To clarify concussion and what you should do about it, we spoke to Dr Richard Sylvester, consultant neurologist at the Institute of Sport Exercise & Health.

What is concussion?

The simple answer is concussion is a mild traumatic brain injury. The complicated answer is we don’t really know, because the problem is when you get an injury around the head and neck you can get symptoms from lots of different things. So, for instance, a neck injury can cause headaches that have nothing directly to do with the brain. But for the purposes of simplicity, it’s a brain injury that causes fairly rapid symptoms and usually gets better spontaneously.

How do concussions occur? Is it always an impact injury?

It doesn’t actually have to be an impact injury. Your brain is made up of billions and billions of cells, and there are a lot of things keeping them in place, feeding them, keeping them healthy. What we think disrupts that and causes an acute brain injury is not necessarily an impact to the head, when your skull protects you. It’s the deceleration – so your brain moves very rapidly – or even the rotation that you get with these injuries.

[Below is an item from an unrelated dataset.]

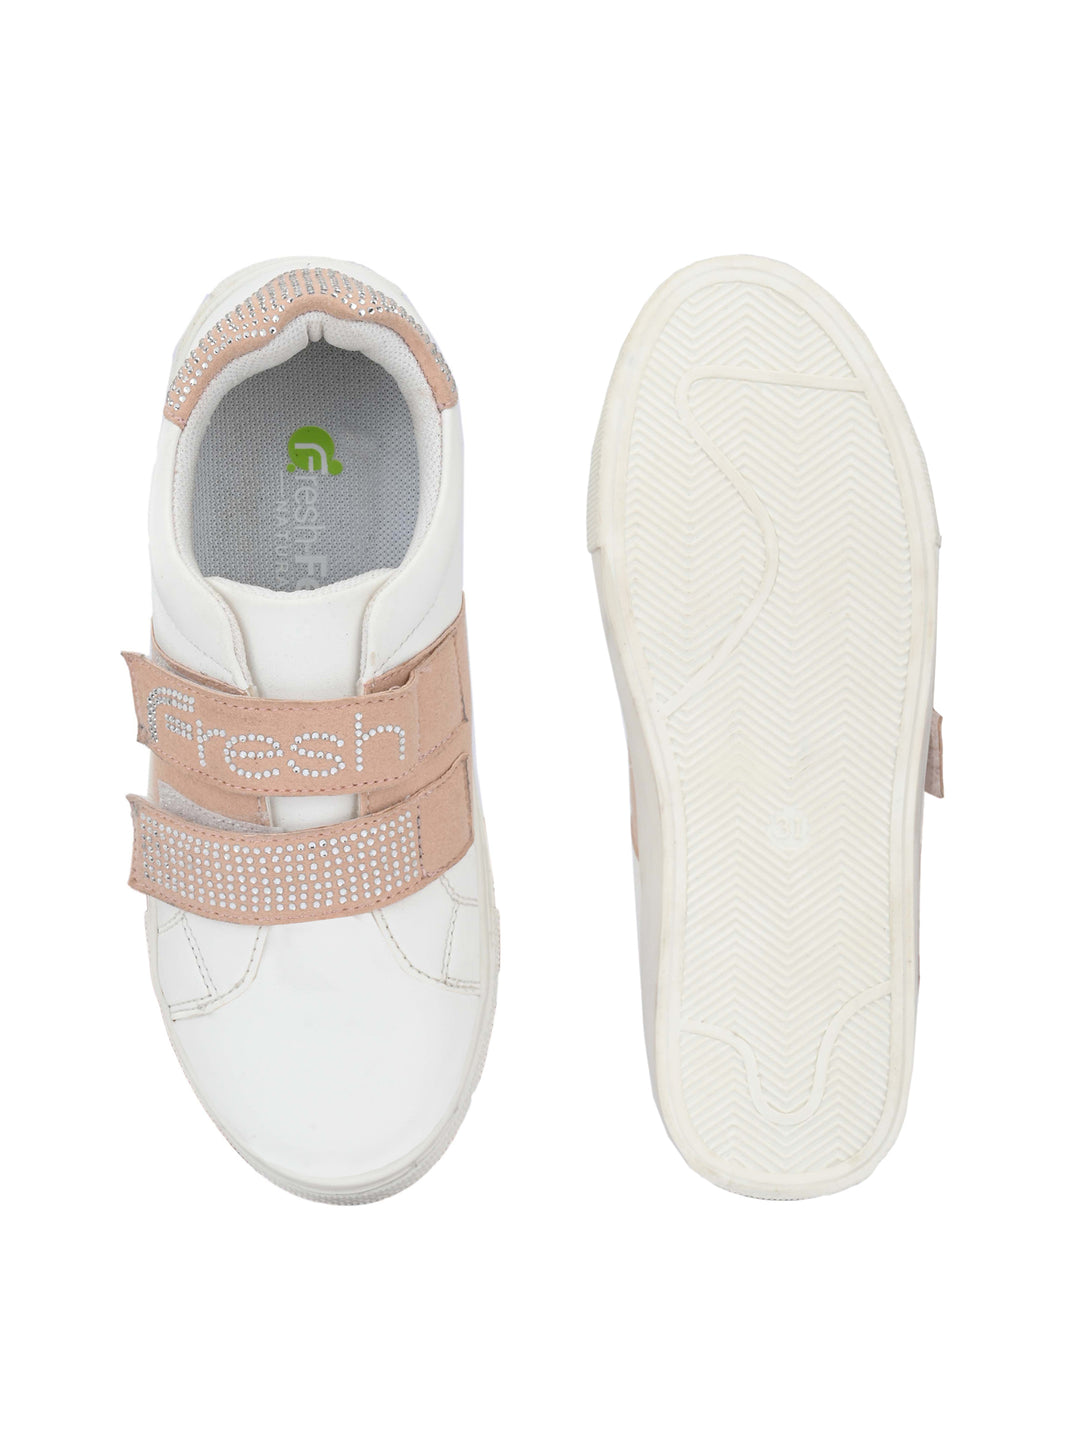 Niko White Pink Dual Size technology Shoes for Kids

So your brain is sitting there inside some fluid and it’s protected by the very thick bone of the skull, which protects from direct impact. But when you have an impact either to the head or upper body, or deceleration, you get rapid movement in the brain, and that’s probably the hallmark of the injury that causes concussion.

So you could have it without a direct impact?

Yeah. The thing that I often see is, say, a rugby player is tackled and it’s an upper chest impact, but their neck gets almost a whiplash-like mechanism. That causes the brain injury.

How can you identify concussion?

It is really difficult to diagnose, even for experts, so in the amateur game where you don’t necessarily have medically-trained people present it can be even more difficult.

The first thing is that if you see someone is unconscious, even briefly, then that’s pretty likely to be a brain problem. But actually loss of consciousness only occurs after about 10% of concussions and that can even be missed. In the professional sporting game you get replays from multiple cameras and sometimes you look at three or four replays before you see someone briefly losing consciousness.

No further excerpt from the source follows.